In this scenario, we are bound to involve the transfer of data from the user space to the kernel space, where name is the address in the user space, which is set to an address in the kernel through the system call. Let's take a look at some of the details of this process: the specific implementation of the system call is to put the parameters of the system call into the register Ebx,ecx,edx,esi,edi (up to 5 parameters, the scenario has two name and Len), and then the system call number is stored in the register eax, Process A is then brought into system space by the interrupt instruction "int 80". Since the CPU run level of the process is less than or equal to the ingress level 3 of the trap gate set for the system call, it is possible to enter the system space unimpeded to execute the function pointer System_call () set for int 80. Since System_call () is in kernel space, its runlevel is 0,cpu to switch the stack to the kernel stack, which is the system space stack for process a. We know that when the kernel creates the TASK_STRUCT structure for the new process, it allocates two contiguous pages, which is the size of 8 K, and uses the size of about 1k at the bottom for task_struct (such as # define ALLOC_TASK_STRUCT () (struct task _struct *) __get_free_pages (gfp_kernel,1)), while the rest of the memory is used in the stack space of the system space, that is, when the system space is transferred from user space, the stack pointer esp becomes (ALLOC_TASK_STRUCT () + 8192), which is why system space usually defines the current (see its implementation) with a macro to get the task_struct address of the present process. Each time the process enters the system space from the user space, the system stack has been pressed into the user stack SS, the user stack pointer esp, EFLAGS, user space CS, EIP, then System_call () eax Press in, and then call Save_all in turn into ES, DS , EAX, EBP, EDI, ESI, EDX, ECX, EBX, and then call Sys_call_table+4*%eax, this scenario is sys_sethostname ().
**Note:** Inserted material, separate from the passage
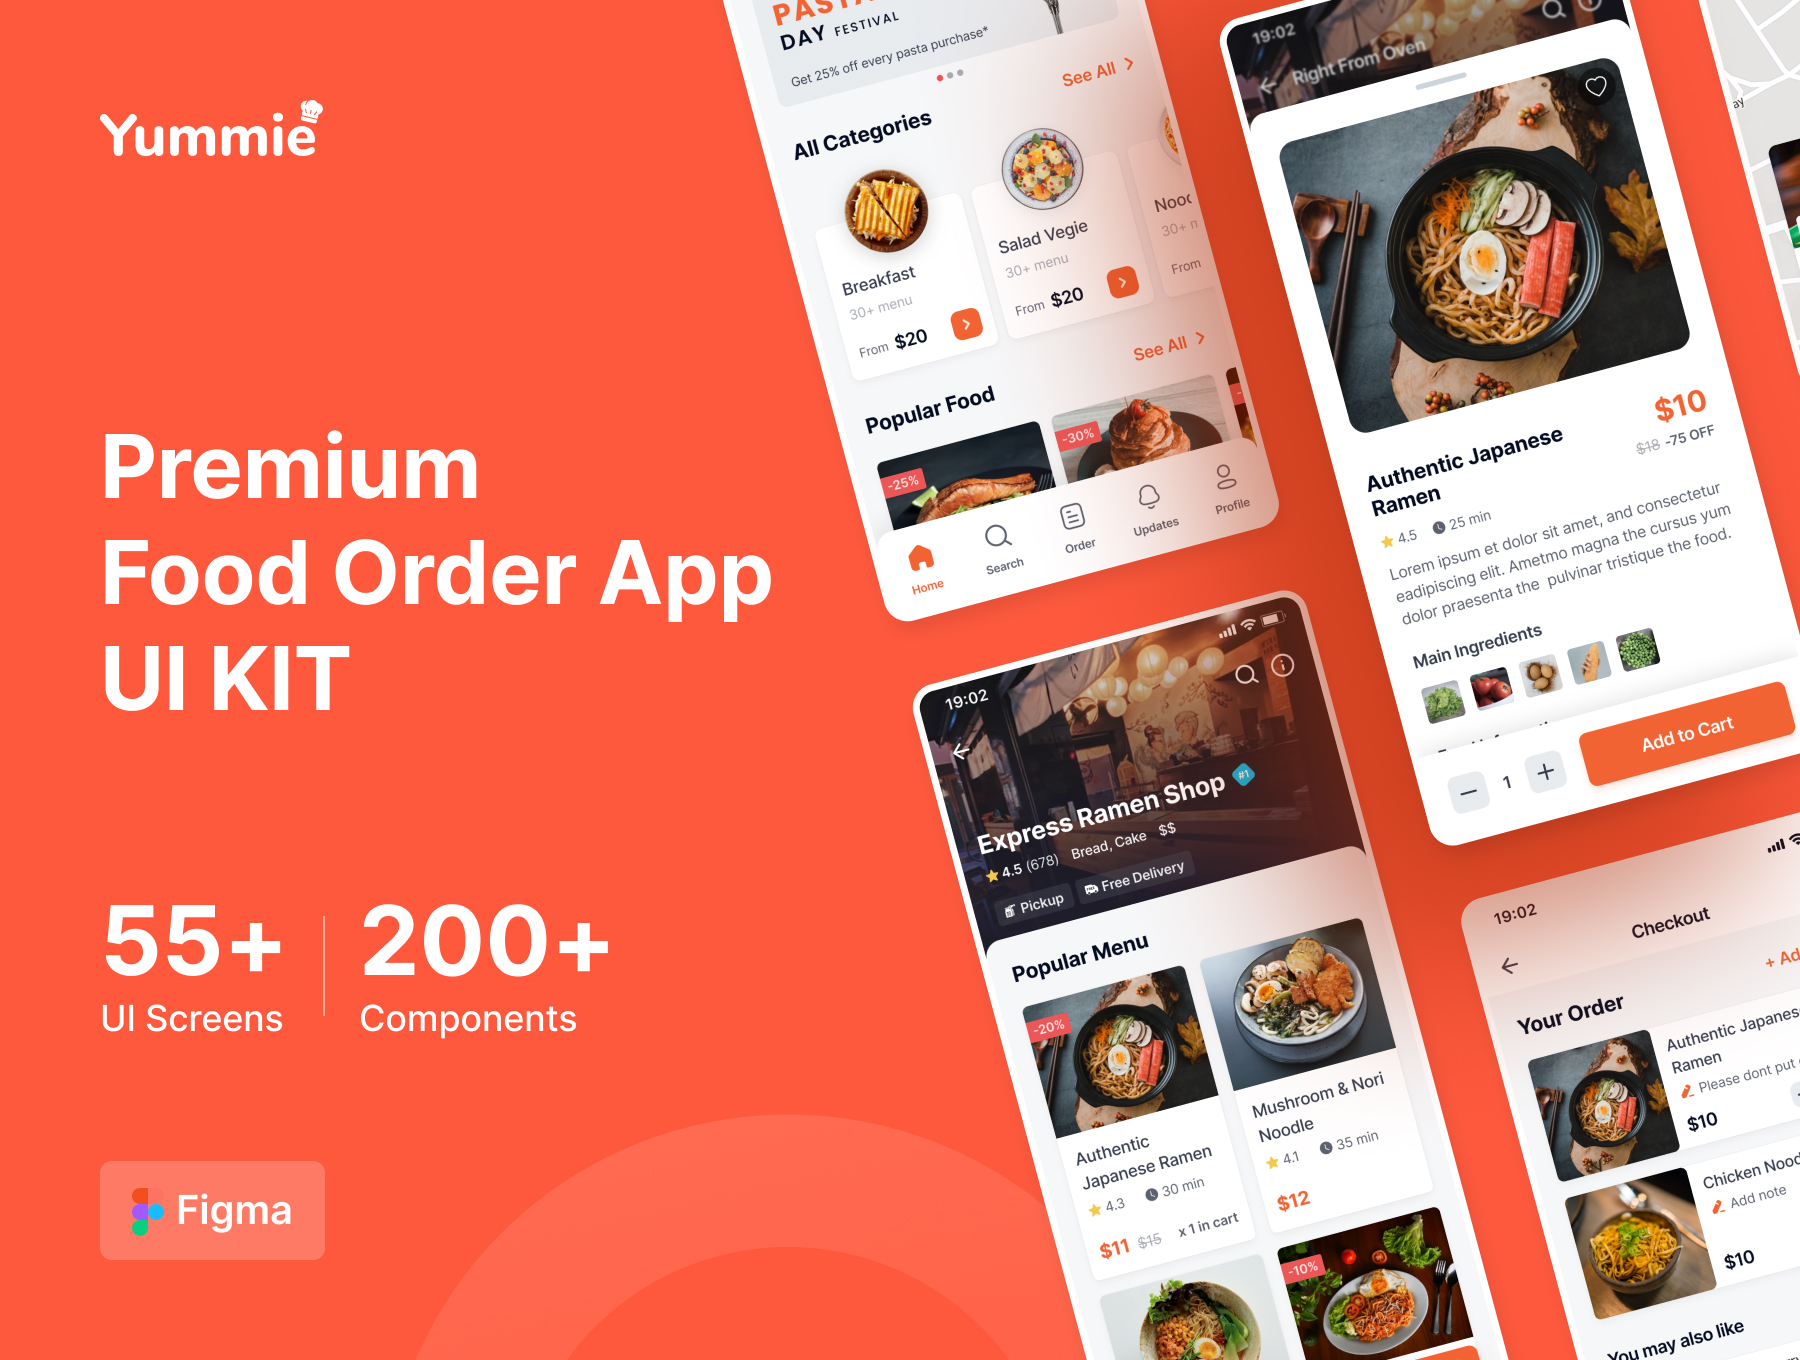 高级食品外卖点单订购应用程序UI 套件 Yummie Premium Food Order App UI Kit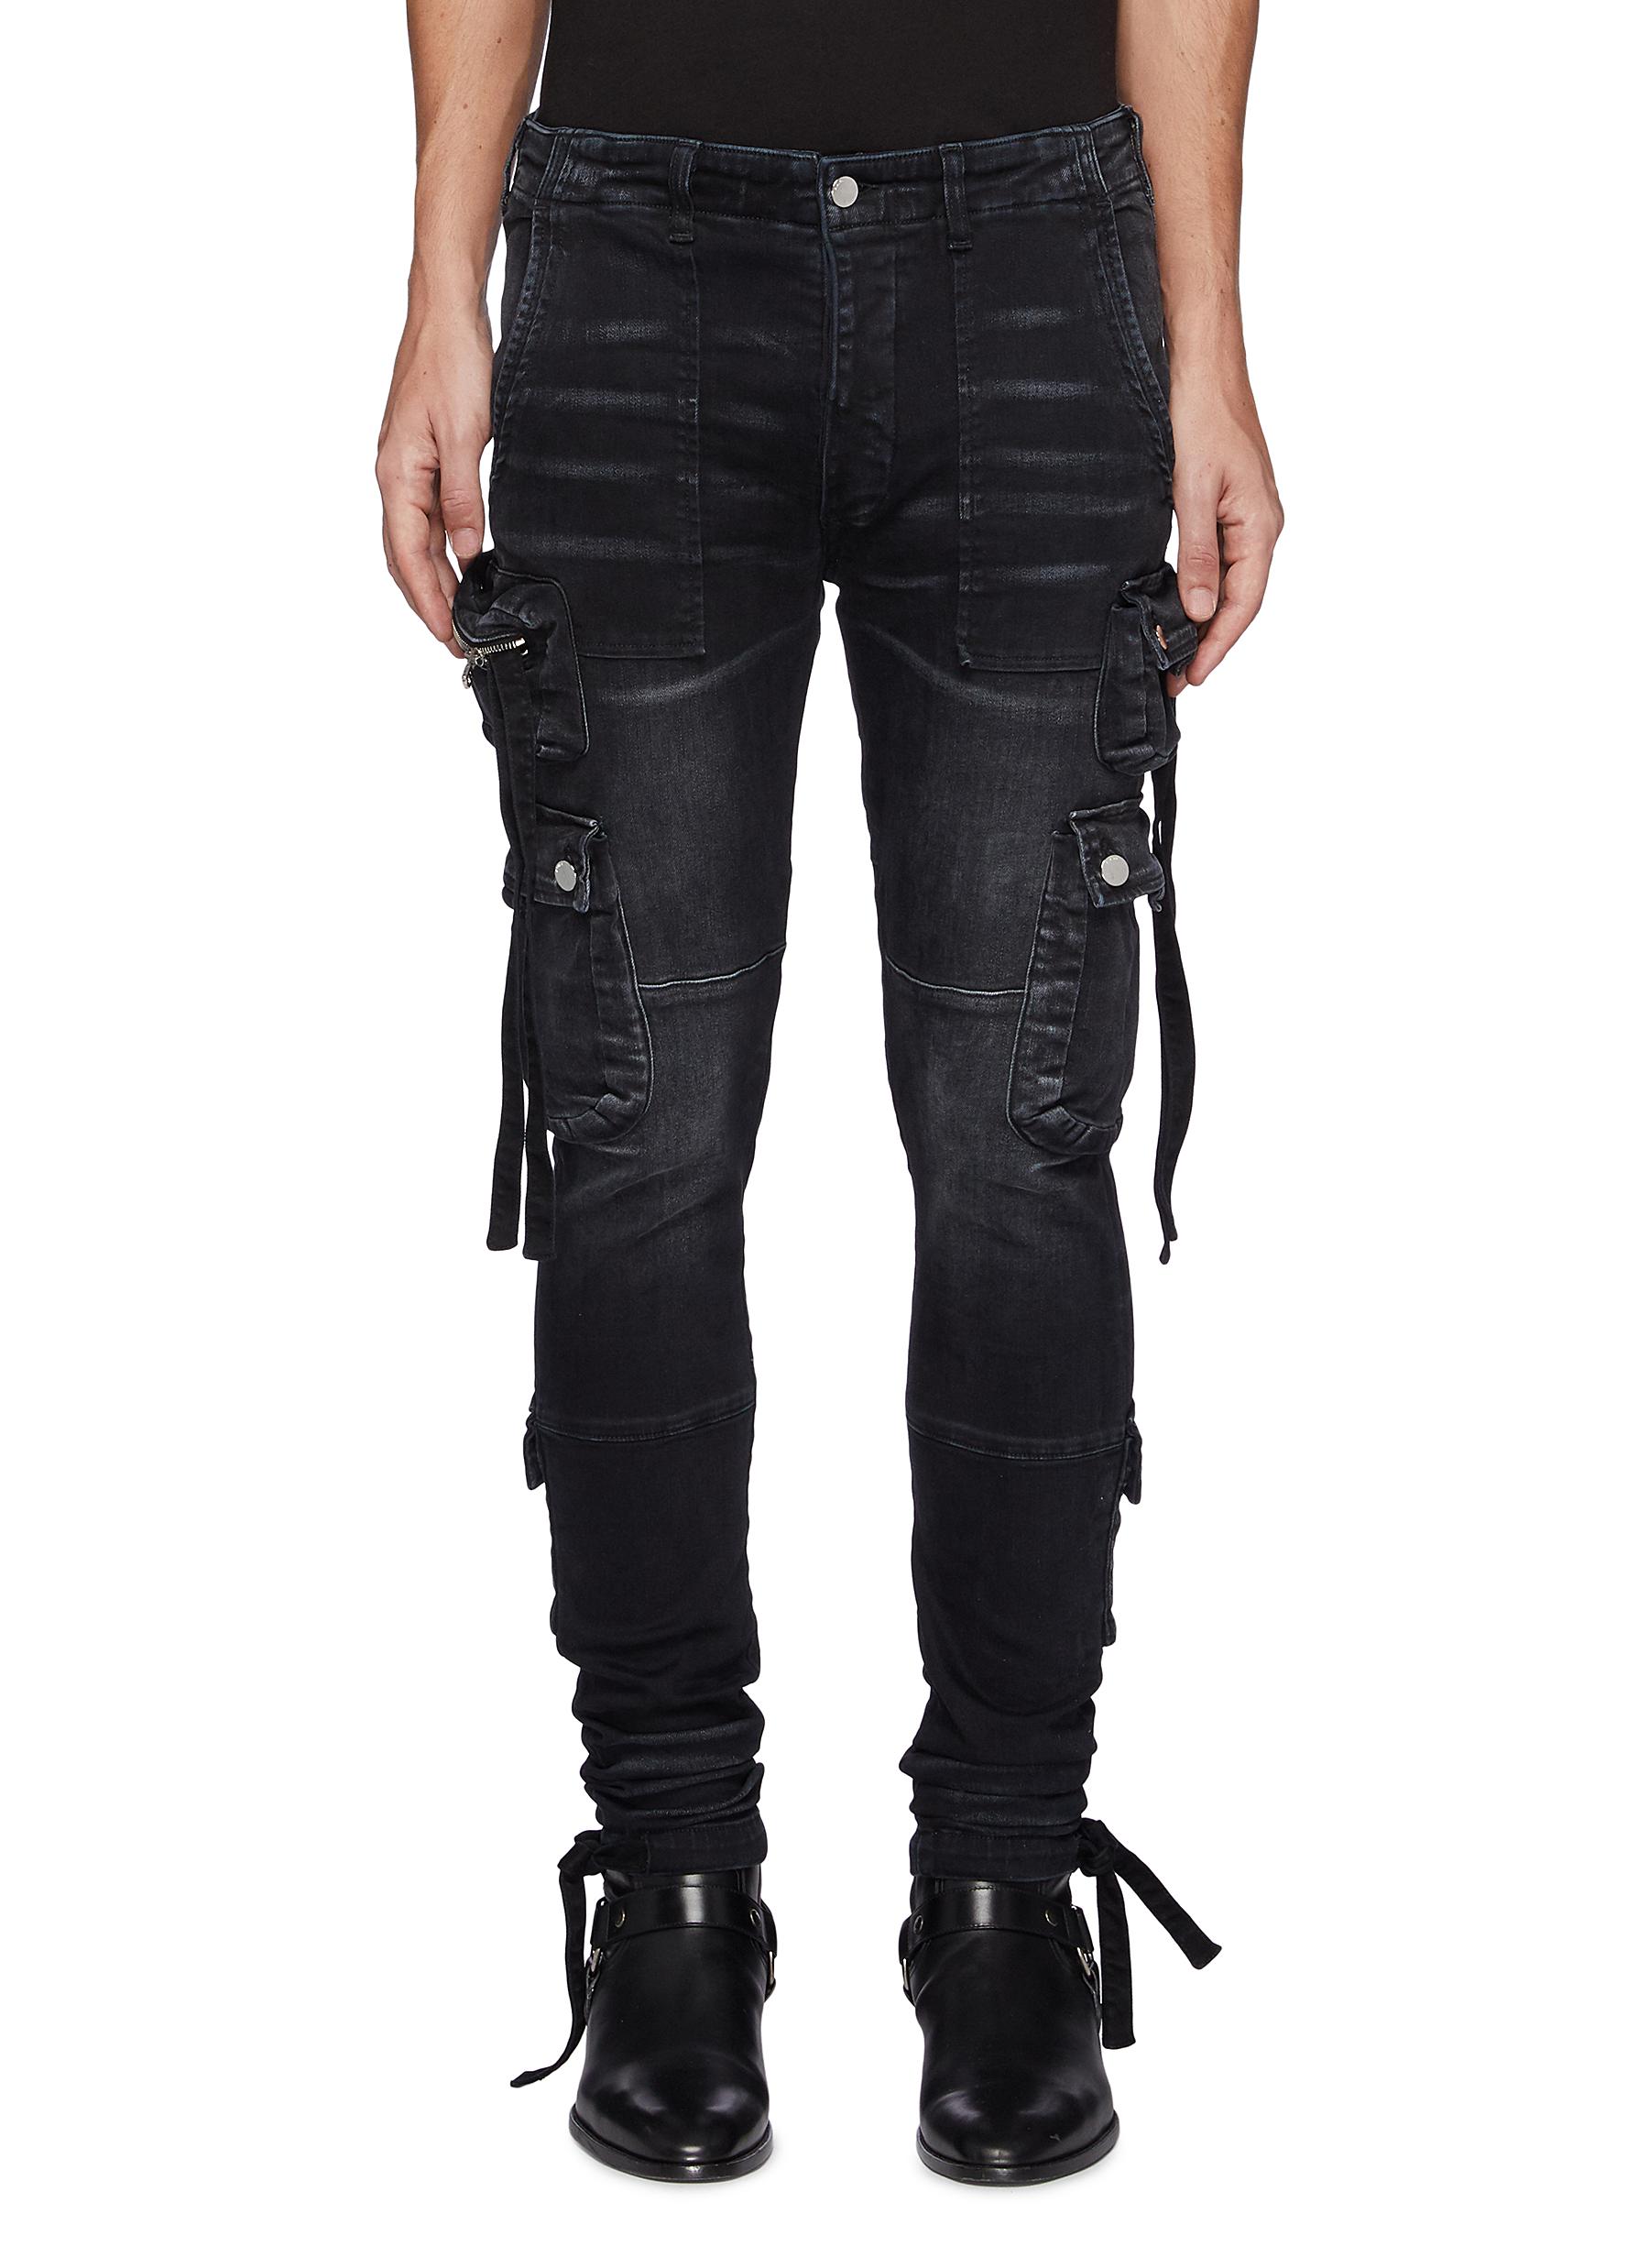 Strap Adorned Cargo Washed Black Jeans

(5) in Sys_sethostname (), after some protection considerations, call Copy_from_user (To,from,n), where to points to the kernel space system_ Utsname.nodename, such as 0xe625a000,from, point to user space such as 0x8010fe00. Now that process a enters the kernel and runs in the system space, the MMU completes the mapping of the virtual address to the physical address according to its PGD, and finally completes the replication from the user space to the system spatial data. Before copying the kernel to determine the validity of the user space address and length, as to the user space from the beginning of a certain length of the entire interval has been mapped and not to check, if an address in the interval is not mapped or read and write permissions and other problems occur, it is considered a bad address, resulting in a page exception, Let the page exception service program handle it. The process is as follows: Copy_from_user ()->generic_copy_from_user ()->access_ok () +__copy_user_zeroing ().

(6) Summary:
* Process addressing space 0~4g
* The process can only access 0~3g in the user state, only access to the kernel state 3g~4g
* Process enters kernel state via system call
* The 3g~4g portion of each process virtual space is the same
* Process from the user state into the kernel state will not cause CR3 changes but will cause the stack changes7, Memory Management Unit (MMU) Introduction: It is to achieve virtual address and physical address space, as well as kernel space, user space, the basis

The MMU is the abbreviation of the Memory management unit and is the device used to manage the virtual memory system. The MMU is usually a part of the CPU, and itself has a small amount of storage space from the virtual address to the physical address of the matching table, a conversion method (algorithm). This table is called the TLB (conversion side buffer). All data requests are sent to the MMU, and the MMU determines whether the data is in RAM or in a mass storage device. If the data is not in storage space, the MMU will cause a page fault interruption, and the external memory address space consists of pages, rows, and columns.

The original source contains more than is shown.